The first cut, Rocks Off, combines dreamy sexy, especially that psychedelic middle part that builds up and goes back into the chorus. I’m presuming that this is a Jagger lyric because it is what I ‘think’ is his work. The words are exquisite, expressing a druggy sense of time and place but mixed with lazy sexuality. It is almost like an Andre Breton Surrealist poem, and in that case, Rocks Off is almost French-like in that Nadja sensibility. Rip This Joint, the second track, is fast, like a speeding train going off the tracks. Which, in this case, is very good. Casino Boogie is another excellent lyric, “Dietrich movies, close up boogies/ Kissing cunt in Cannes. For the first time in my life, and after 50 years (this is the 50th anniversary), I’m reading the lyrics which are challenging to understand through the music or the density of their sounds. I’m now thinking there is a need for a Mick Jagger lyrics book. The music is OK, but his lyrics are superb on this album.
I think songs here can be disposed of, such as Keith’s Happy and that crappy Holetown Sweet Virginia, which slows the album down to a stalled car off the freeway. And there are spots here and there that scream out the need for a talent like Jack Nitzsche, but alas, it is what it is. I feel that this is more of a Mick Jagger album than a Keith one at the end of the day. Keith supplies the backstory drama, but I suspect that Jagger took all the puzzle pieces and fitted a proper-sounding album. It comes to mind how people say it sounds dirty or even mushy and lo-fi, but this is a very proper sounding recording to my ears. This is not an eccentric piece of work or recording. This is not Joe Meek or low-fi Syd Barrett’s The Madcap Laughs. The producer Jimmy Miller is a highly talented record-maker, and on all the albums I know of, such as the Traffic recordings and Spencer Davis Group, his work is superb.
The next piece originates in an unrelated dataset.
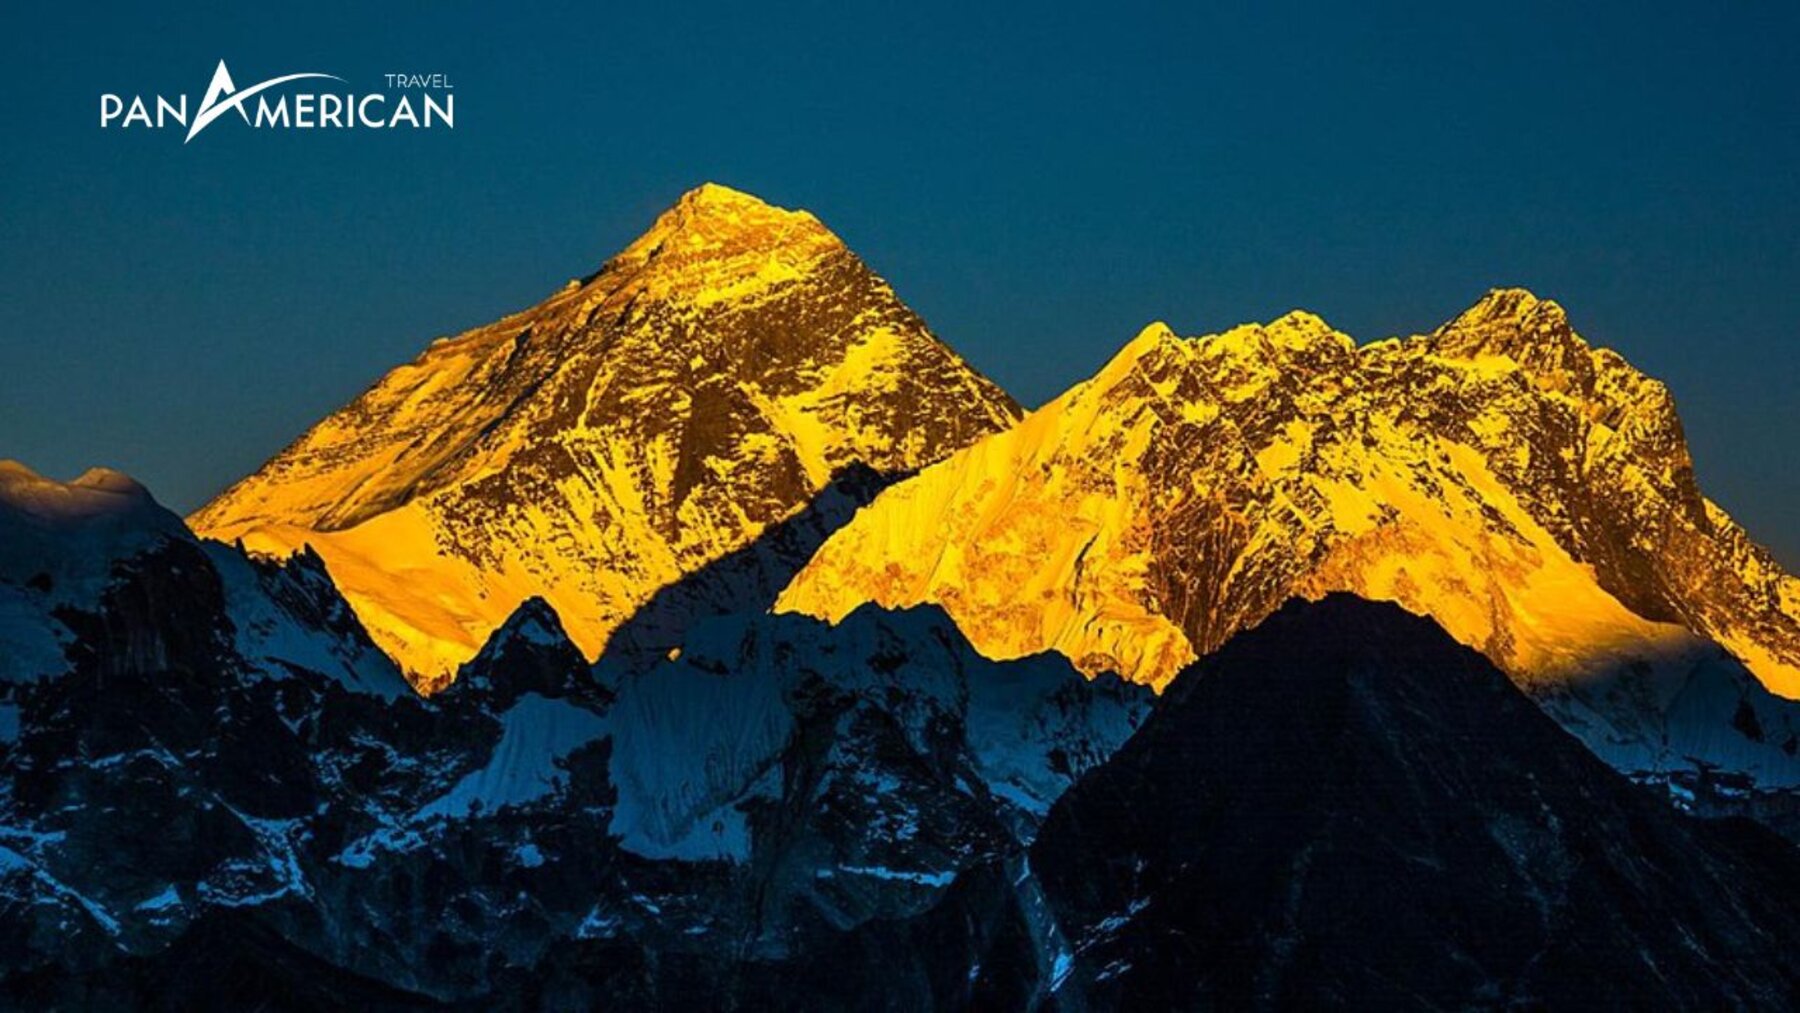 Đỉnh núi Everest ở đâu? Chiêm ngưỡng vẻ đẹp toàn cảnh từ nóc nhà của thế giới - Gallery Image
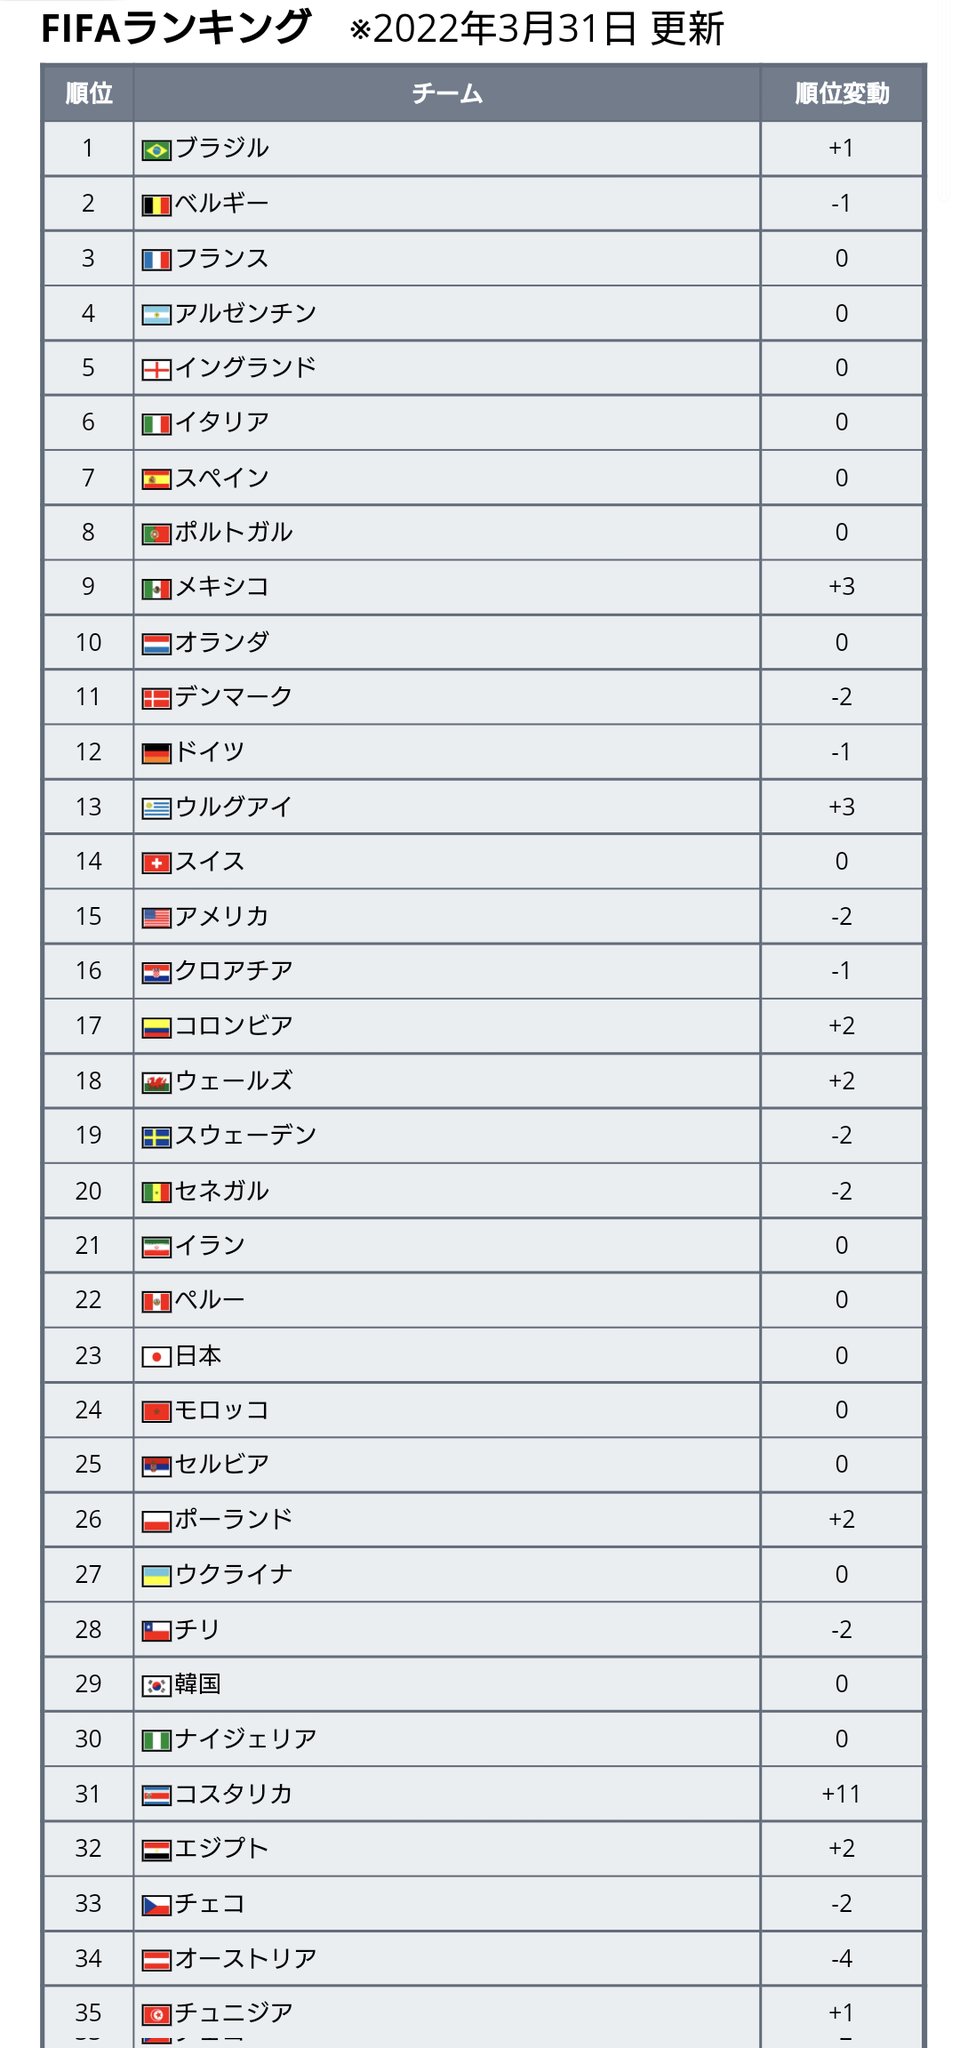 Twitter 上的 ワールドサッカー代表戦 最新fifaランキングが発表 22 3 31発表 日本は前回と変わらず23位で アジア2位キープ 全体では 3年半首位をキープしてきたベルギーが2位となり 変わってブラジルが首位に T Co Pz8sxifyv3 Twitter

The hype around this album is a real turn-off to me. I don’t know why I take it so seriously, maybe because it sells the talent behind these recordings as drug-fiends who are fried out of their minds. I don't know which, perhaps the case, I don’t know, but when I listen to Exile On Main St, I hear a very disciplined album. The tedious aspect of its history is mirrored in the rock n’ roll myth. It takes a work of art as a mediocre practice. Exile is a very good and even classic-like album. But in no manner is it better than Their Satanic Majesties Request. That album expresses adventure and decadence. Exile is a work of craft, skill, and vision to sell an image of a band that is not what it used to be. And here lies the Hey Rube!, speaking in Carny talk. It pretends to be an outsider instead of being a mainstream member. The Rolling Stones, being tax exiles, is not precisely the same as being on the run as a criminal. You can shine the object to make it more romantic, but eventually, the source material is blasé. The images by the photographer and filmmaker Robert Frank are the riches expressing an underground American life on Exile’s album packaging. Still, the Stones will never outshine a master such as Frank. Still, Exile is pretty good.